“Get out!” His angry voice bellowed through the room, echoing off the austere walls. The world blurred as tears brimmed and swirled in my eyes, my vision a haze of the angry red of my father’s face and the blank white walls.
“I’m sorry! Please, don’t make me go!” The words came out in a jumbled slur, cut in by gasps of fear. Here I was, begging for mercy, standing hunched and frail before him. Everything was clear for a split second, the blurry clouds giving way to a focus so intense my head throbbed. Every smell, every sight, every texture was amplified a thousand times, like looking through a microscope on full power. The rank stench of beer on his breath, the fury that reddened his face so deeply it was almost purple, flushing away the creamy white paleness of his skin, the mini leaf-cyclones swirling on the lawn. I could feel it in my bones. A storm was coming. His green eyes looked like shattered glass in the lights, a fractured soul hidden beneath a cloud of alcohol and pain.
I barely had time to register his hand coming towards my face. A blur of fingers flying and my own swirling blond hair whipping past. I hardly remember the actual moment his hand connected with my cheek, slapping me back so hard I collapsed. The first thing I recall is the raw stinging pain that rocketed through my face, sending reverberations down my spine. Falling backwards, I crumpled to the floor, lying helplessly like a torn up rag doll.
Sobs racked my chest, and I choked out the words,
“I’m so sorry, Dad! Please, I swear! I’ll never go out without your permission again. I’ll never see him again, I promise. Just don’t make me go.” Dark anger and pain eddied and swirled, muddying my thoughts. All I could think about was just how much I hated my father… and just how much I loved him. This was the man that had held my hand in the aquarium, rattling off facts about the fish and smiling as I squealed in delight. The man clapping lovingly in the audience as I stood in the shining lights at my choir concert, beaming with pride. But the same hands that had cheered me on that winter night had slapped me a thousand times over in drunken rage.
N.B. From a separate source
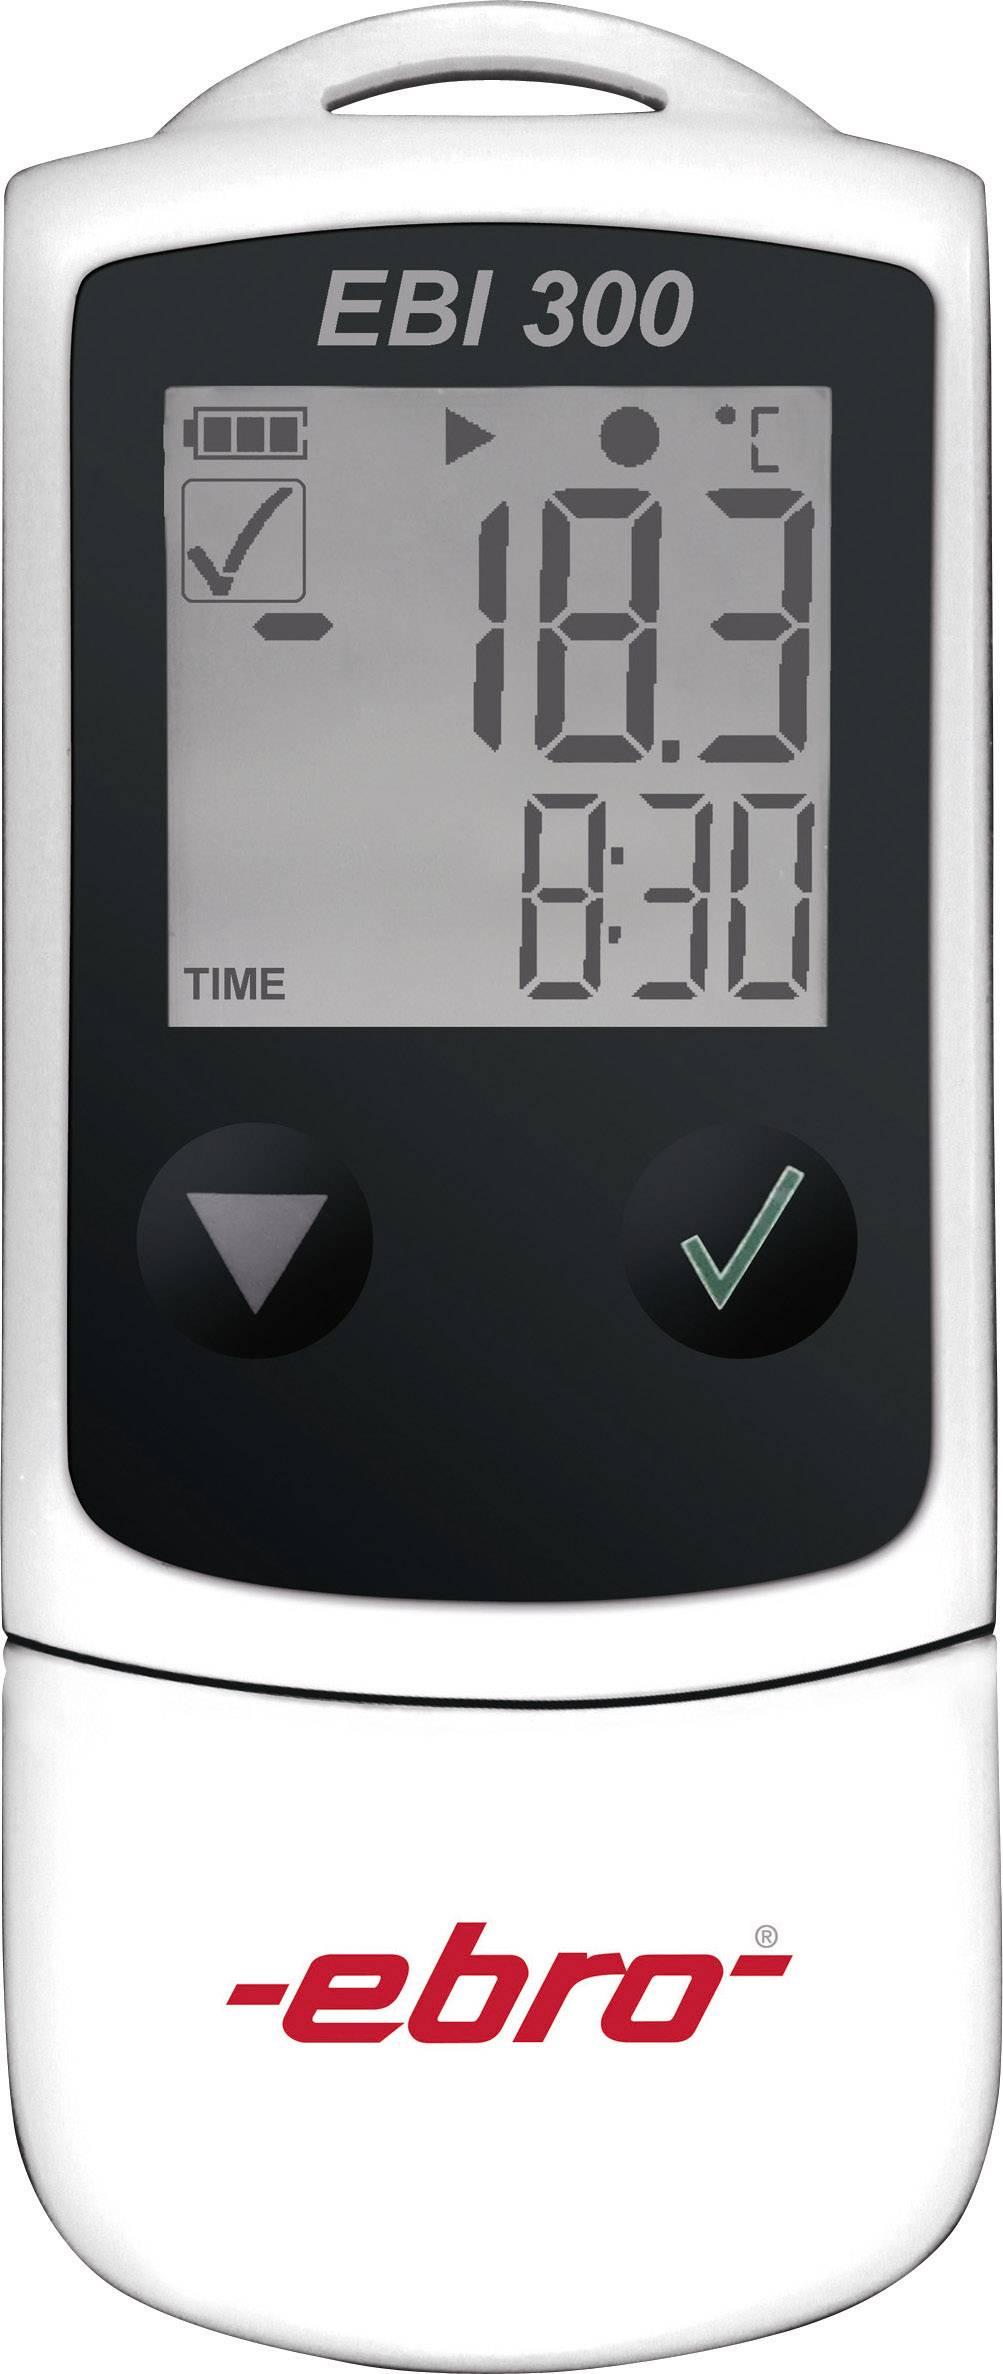 Teplotný datalogger ebro EBI 300, -30 až +60 °C

Fury roiled hot in my blood, but I was so weary. Tired of him. Tired of the constant throbbing in my cheeks. Tired of being made fun of at school, tired of the constant questions about the chain of dark bruises that blossomed along my face. Tired of life. Distantly, I noticed a pitter-pattering of rain against the huge picture window, the little rivulets streaming down the glass. I had always loved the rain, the smell after a thunderstorm and the tappity-tap of drops hitting the roof. I couldn’t enjoy it now, not with the despair seeping in like a dark cloud rumbling over a blue sky.
Every fiber of my body wanted to do what he was saying, to leave and never come back. But here I was, weak on the floor and begging for mercy. Begging to stay in the one place I didn’t want to be. You’re too weak… my mind whispered, and I was infuriated with myself, at just how helpless I was. I clenched my fists so tight my knuckles went white. Thunder clapped, turning the sky an angry blue-gray that was the same shade as my mother’s eyes.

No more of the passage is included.